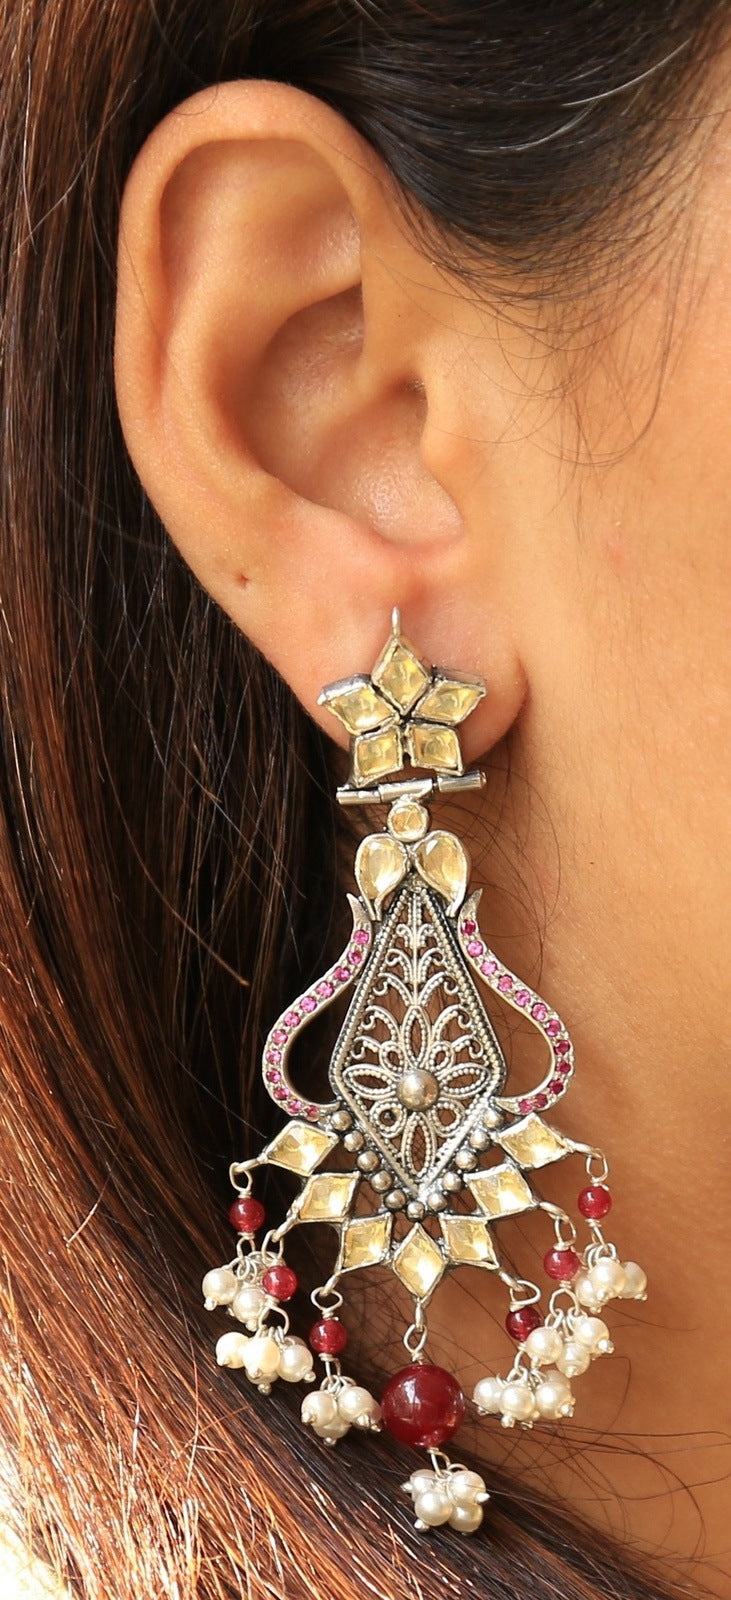 Vijaya Queen Artisanal Earrings
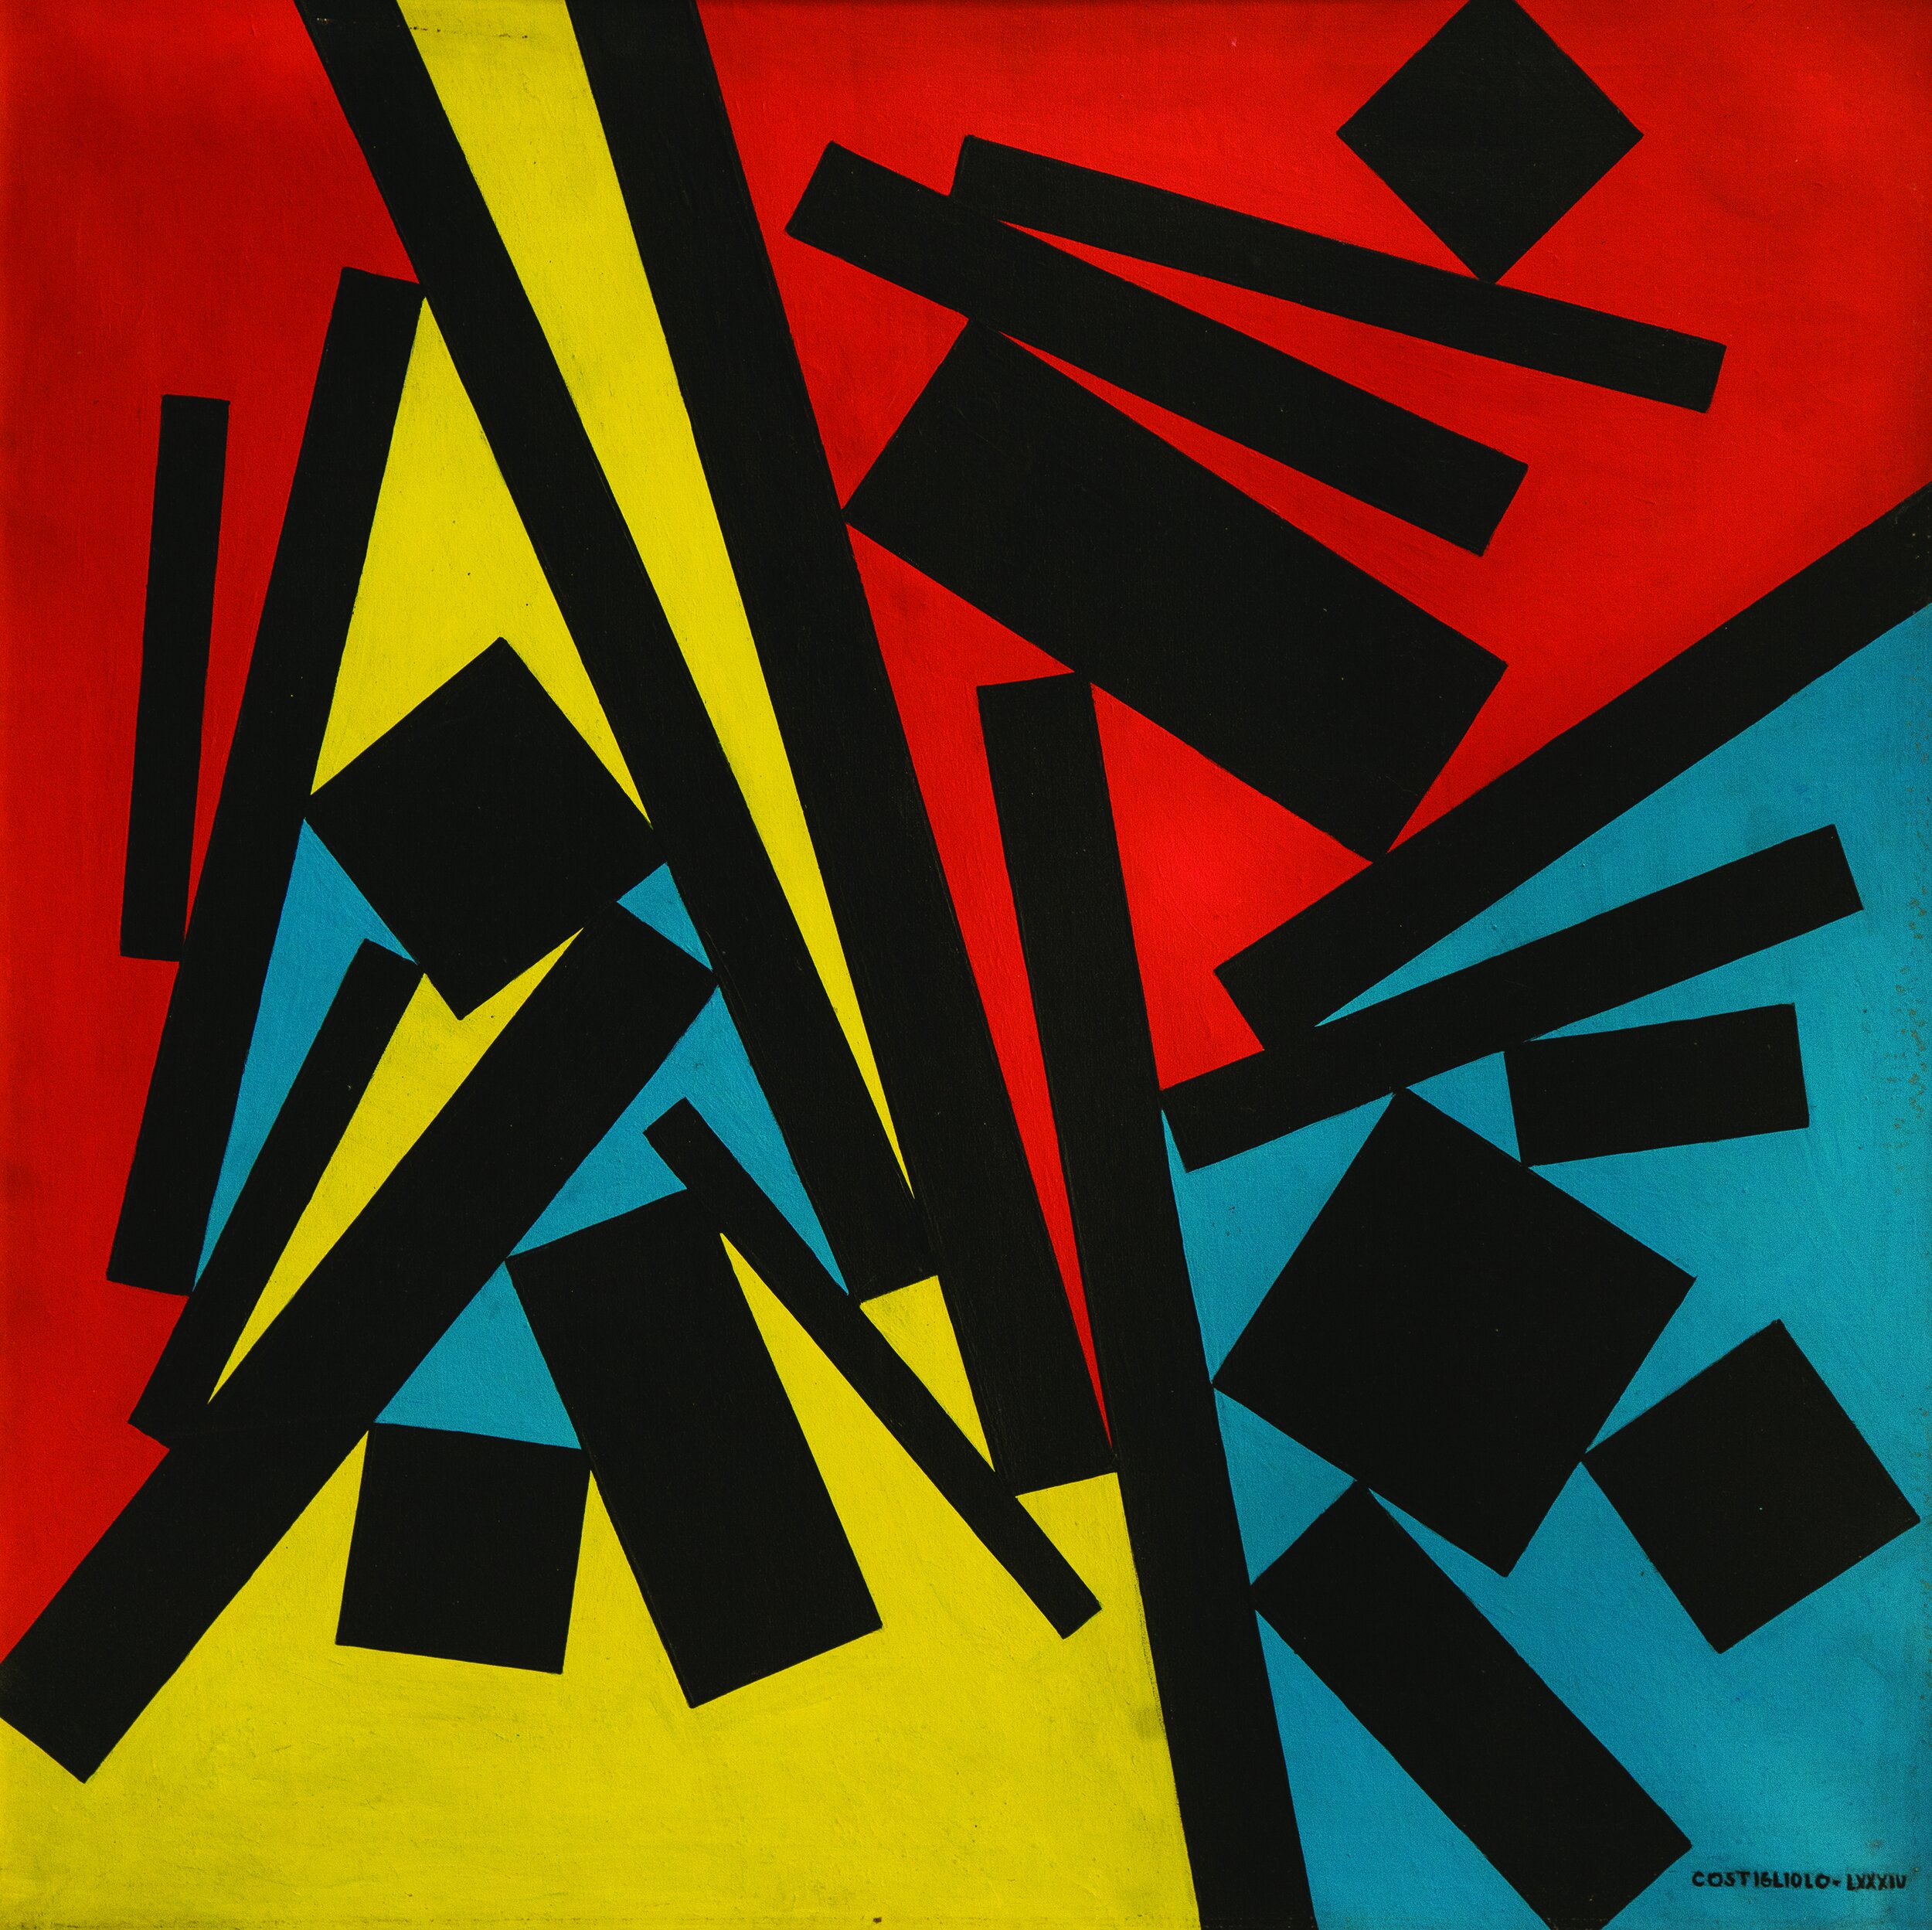   José Pedro Costigliolo      Rectángulos y cuadrados en fondo azul, rojo y amarillo   ,  c. 1980 Acrílico sobre tela 70 x 70 cm Galería SUR 
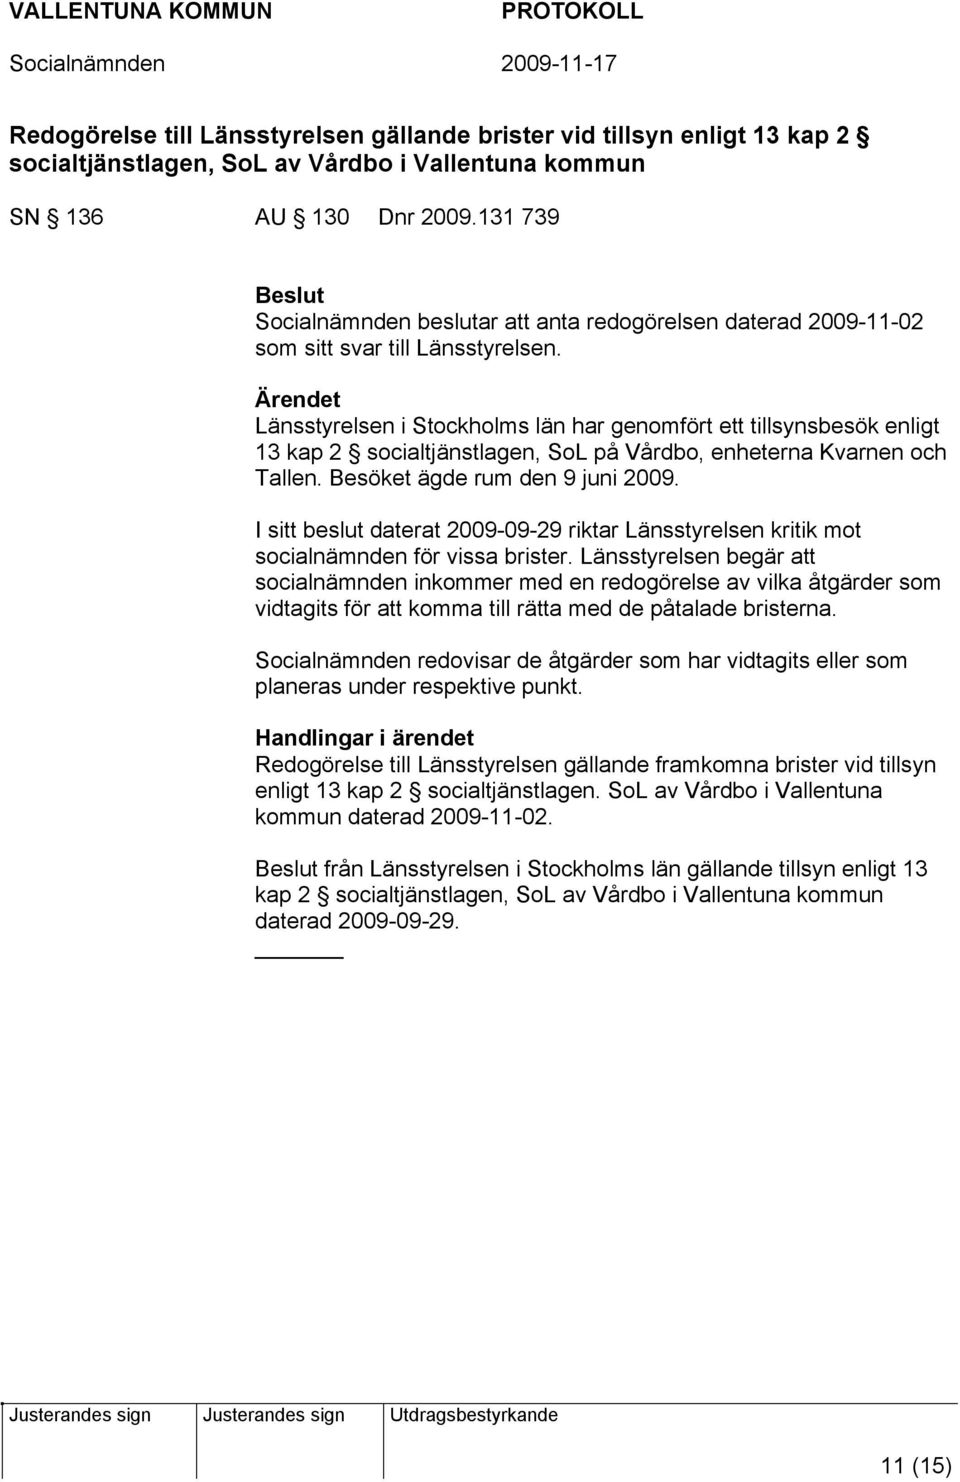 Länsstyrelsen i Stockholms län har genomfört ett tillsynsbesök enligt 13 kap 2 socialtjänstlagen, SoL på Vårdbo, enheterna Kvarnen och Tallen. Besöket ägde rum den 9 juni 2009.

_Work to be completed_. Print the listing above in full, exactly as written. Omit any pictures.

_Output for this task_.
 Vijaya Queen Artisanal Earrings
   José Pedro Costigliolo      Rectángulos y cuadrados en fondo azul, rojo y amarillo   ,  c. 1980 Acrílico sobre tela 70 x 70 cm Galería SUR 
 Länsstyrelsen i Stockholms län har genomfört ett tillsynsbesök enligt 13 kap 2 socialtjänstlagen, SoL på Vårdbo, enheterna Kvarnen och Tallen. Besöket ägde rum den 9 juni 2009.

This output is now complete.